The Schwartzentruber Amish in Cambria County, Pennsylvania, went back to court to seek relief from the harsh penalties imposed by county judge Norman Krumenacker earlier this year. On the judge’s orders, an Amish school was padlocked in March by county sheriffs because the outhouses near the school did not meet state and county specifications for proper construction. The judge sent the Amish man who owns the land to the county jail for 90 days for defying his orders. In May, the same judge ordered sheriffs to lock two Amish family homes for similar violations of sewage codes.
David Beyer, an attorney in Ebensburg, the county seat, appealed to the judge to allow the Amish children to attend school. According to news reports, school authorities believe the Amish parents are educating their children in their own homes, but the officials have not verified that. Beyer was certain they were not teaching in a schoolroom setting. Mr. Beyer also appealed the eviction order against the two Amish families who were locked out of their homes.
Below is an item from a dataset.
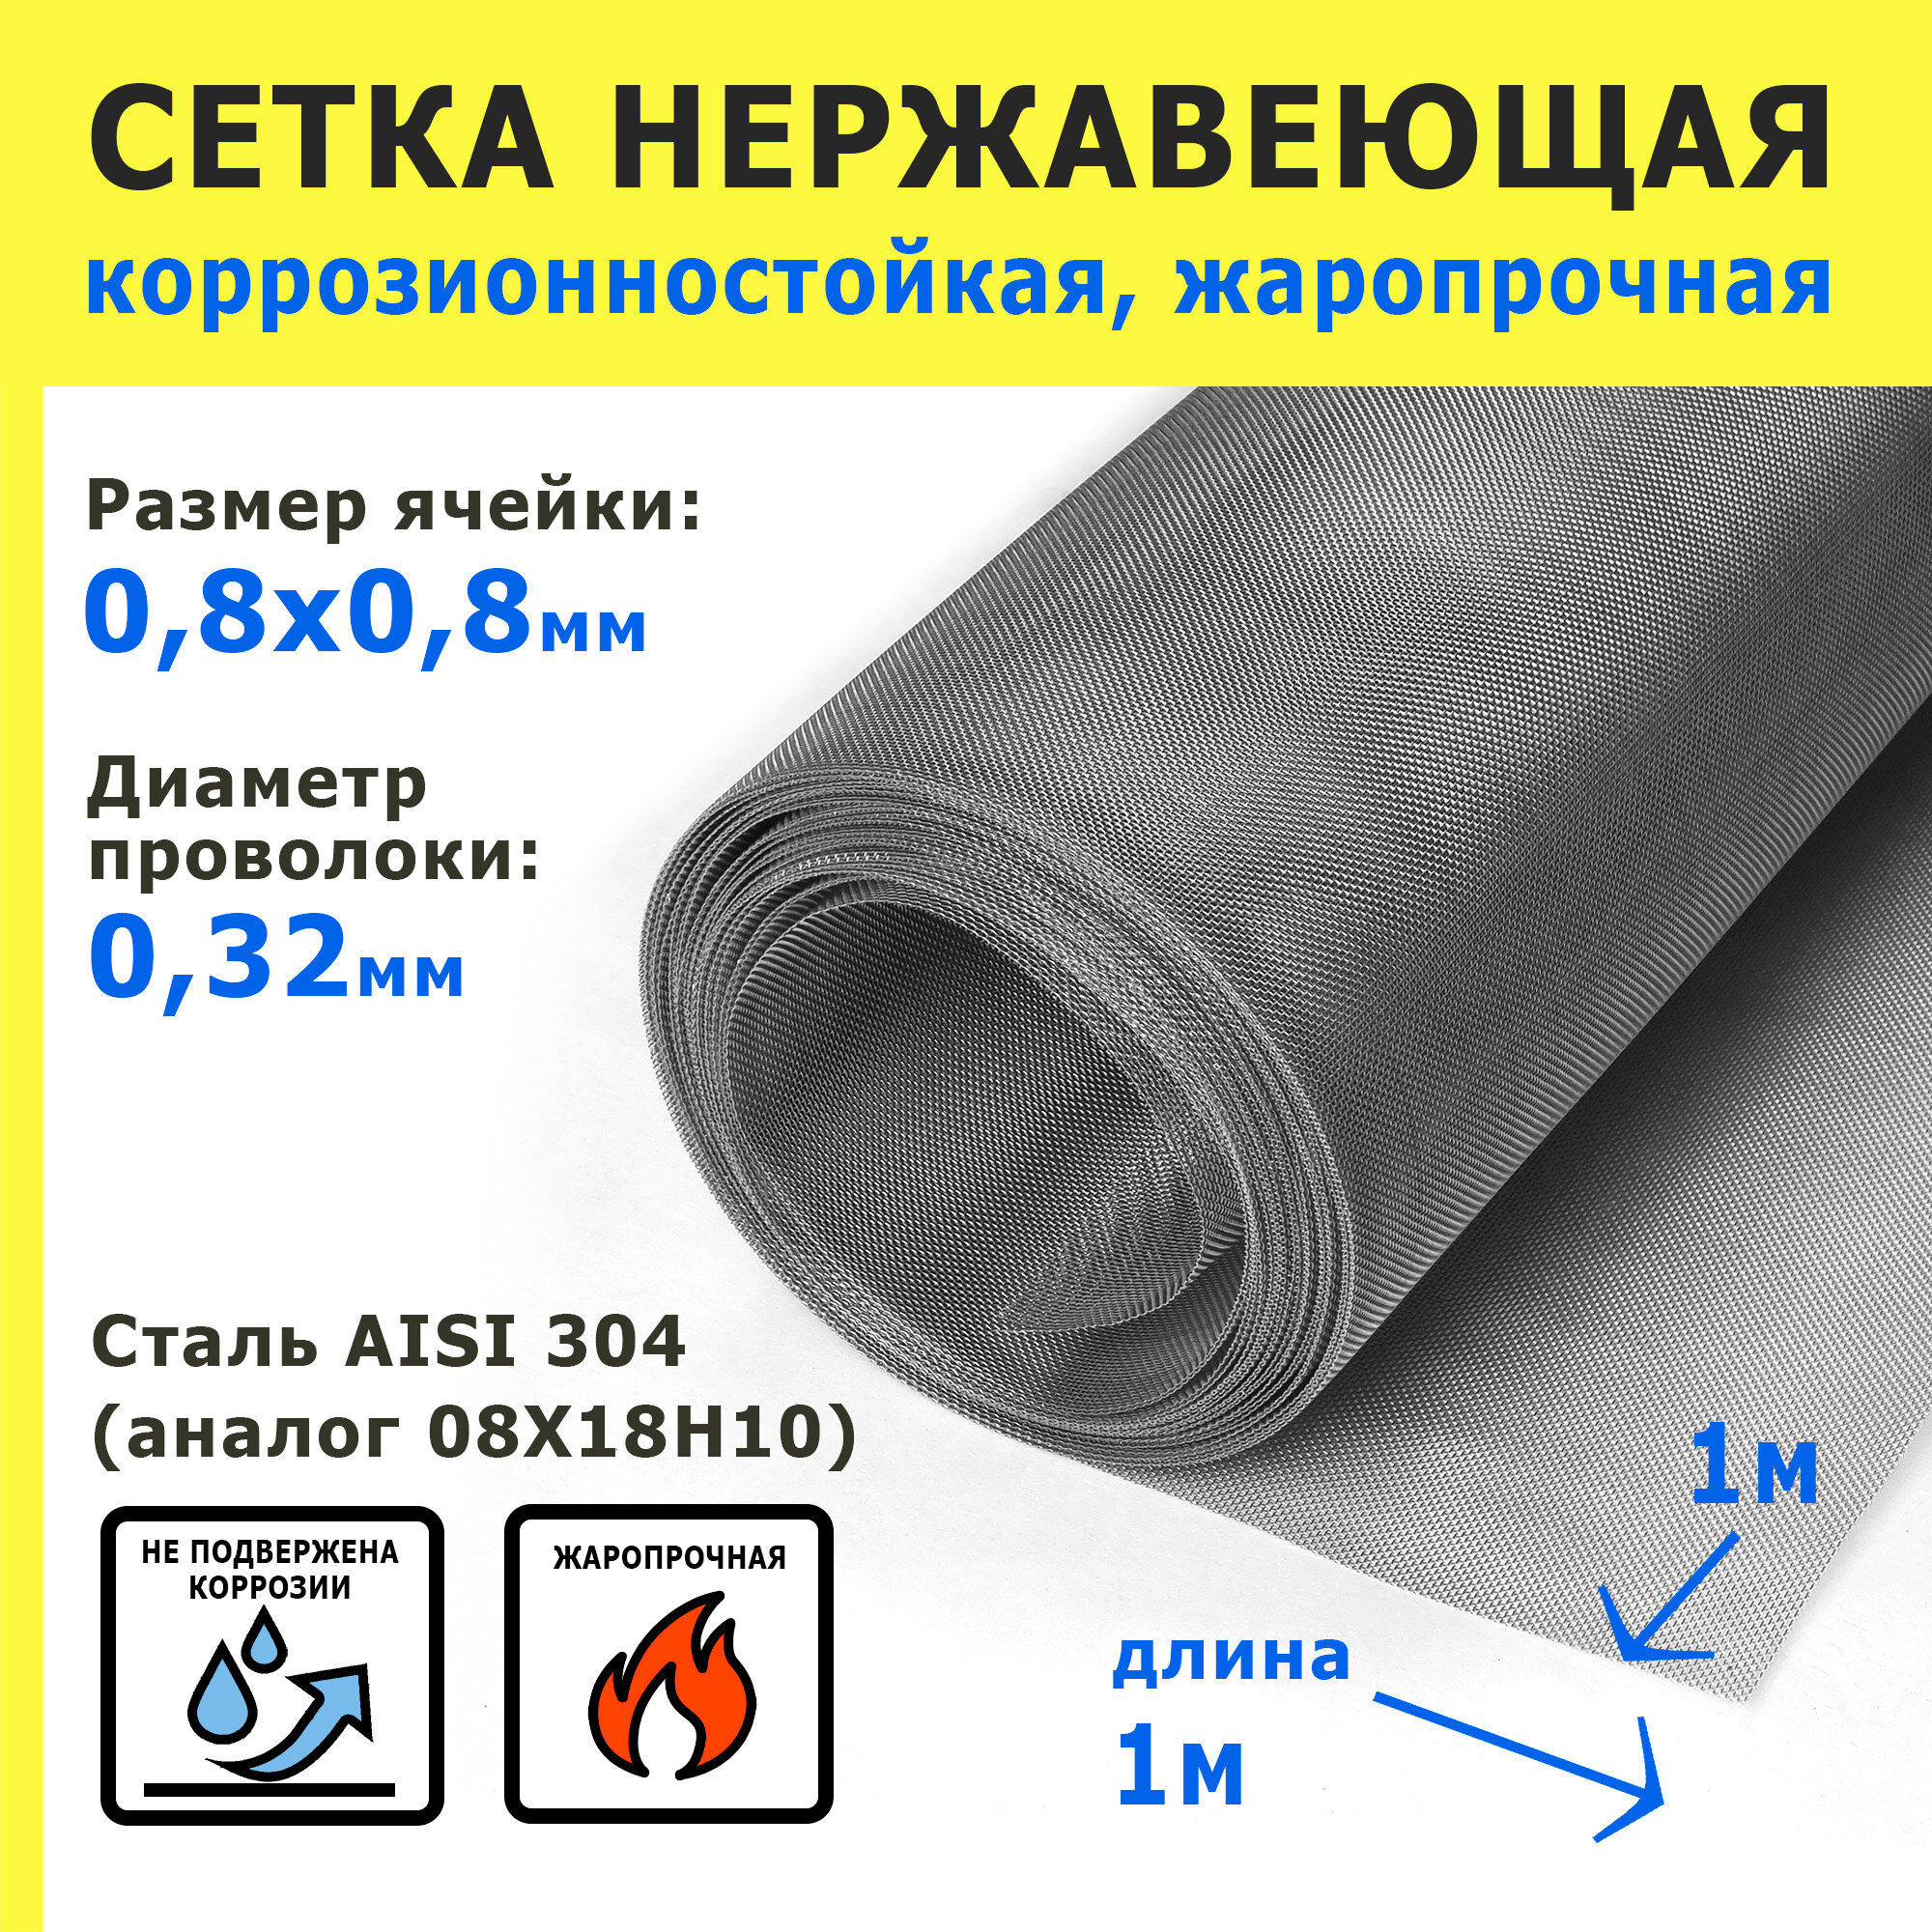 Сетка нержавеющая 0,8х0,8х0,32 мм для фильтрации, очистки, просеивания. Cталь AISI 304 (08Х18Н10). Размер 1х1 метр.

The attorney filed an emergency petition asking the judge to grant the Amish special relief. He said that installing the code-specified sewage facilities would violate their religious beliefs. He also argued that their present method of disposing their outhouse wastes poses no danger to anyone. He said that the Schwartzentrubers have been agonizing over their options since the judge expelled them from their homes and their school.
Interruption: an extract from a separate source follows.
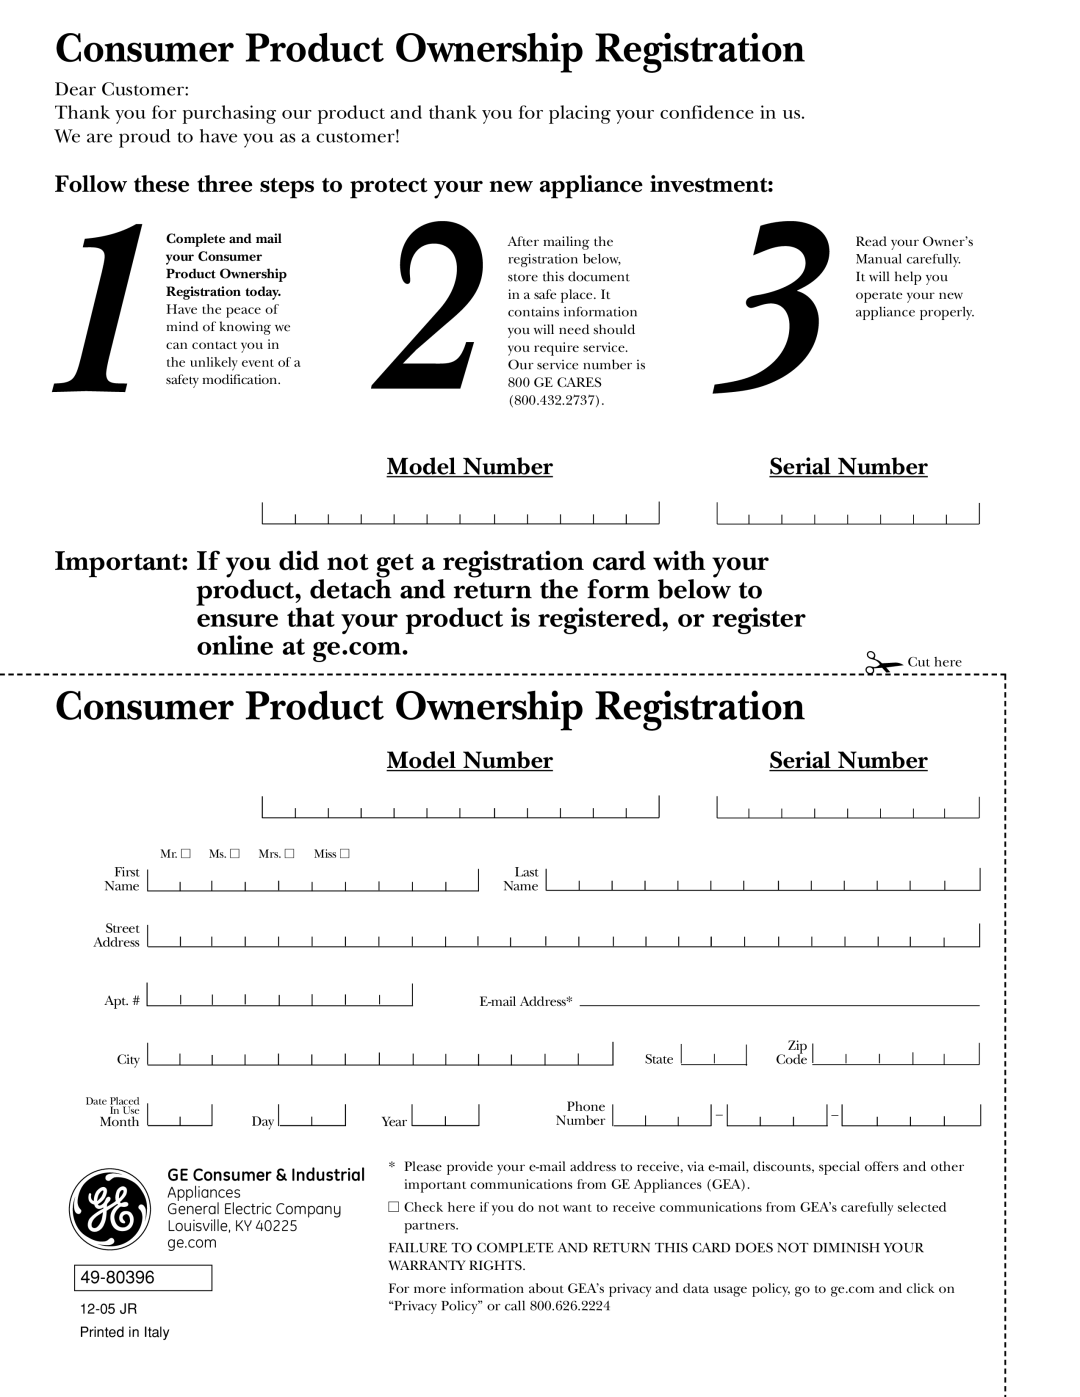 GE Monogram ZV850 Model Number, Serial Number, Consumer Product Ownership Registration, GE Consumer & Industrial, 49-80396

Beyer explained that the Amish will not resist governmental authority, and they practice Gelassenheit, which he defines as “submission to God’s will, self-surrender, yielding to others’ quiet spirit, lower voice, gentle strides.” He indicated that the children are being made to suffer because their school is padlocked, and one of the two homes may be suffering from mildew because it is closed up.
The county, predictably, is opposed to any relief for the Amish. William Barbin, attorney for the county sewage and building codes agencies, expressed the opposition of the government until the Amish make the changes that they require. “[The Amish] seem to be saying that because they are suffering, the order should be changed. That’s not what should be done.”
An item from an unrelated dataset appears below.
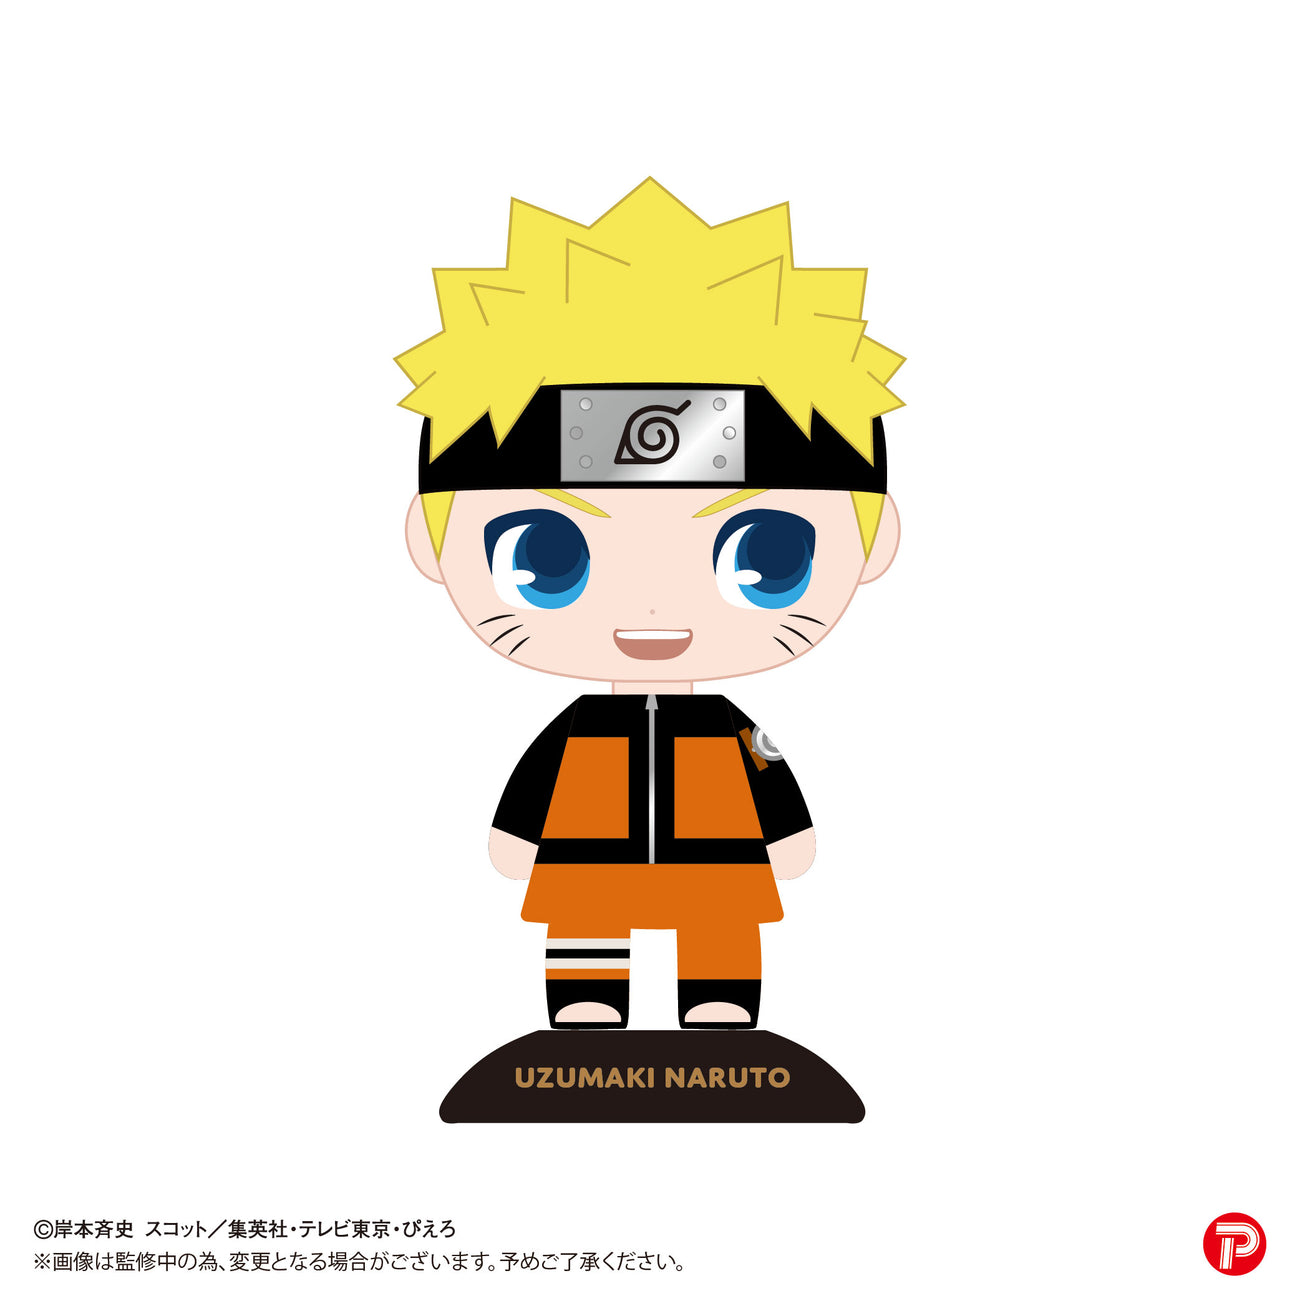 Naruto Uzumaki on Instagram: “describe Minato using one word

Last Tuesday, the attorney and 12 of the Schwartzentruber men met with the judge in a closed-door session, since the Amish indicated they did not want to confront Mr. Krumenacker again on the witness stand. Mary Schwartzentruber, one of the family members expelled from her home, left the courtroom weeping. “It’s so much against our religious beliefs. I just wish we could have worked something out,” she said.
The judge did not change any of his previous orders, except to allow the Amish to use portable toilets temporarily, so long as they accept the responsibility of erecting approved sewage facilities as a long-term solution. The Schwartzentruber Amish believe that all modern conveniences—including state-prescribed outhouses—violate their religious convictions.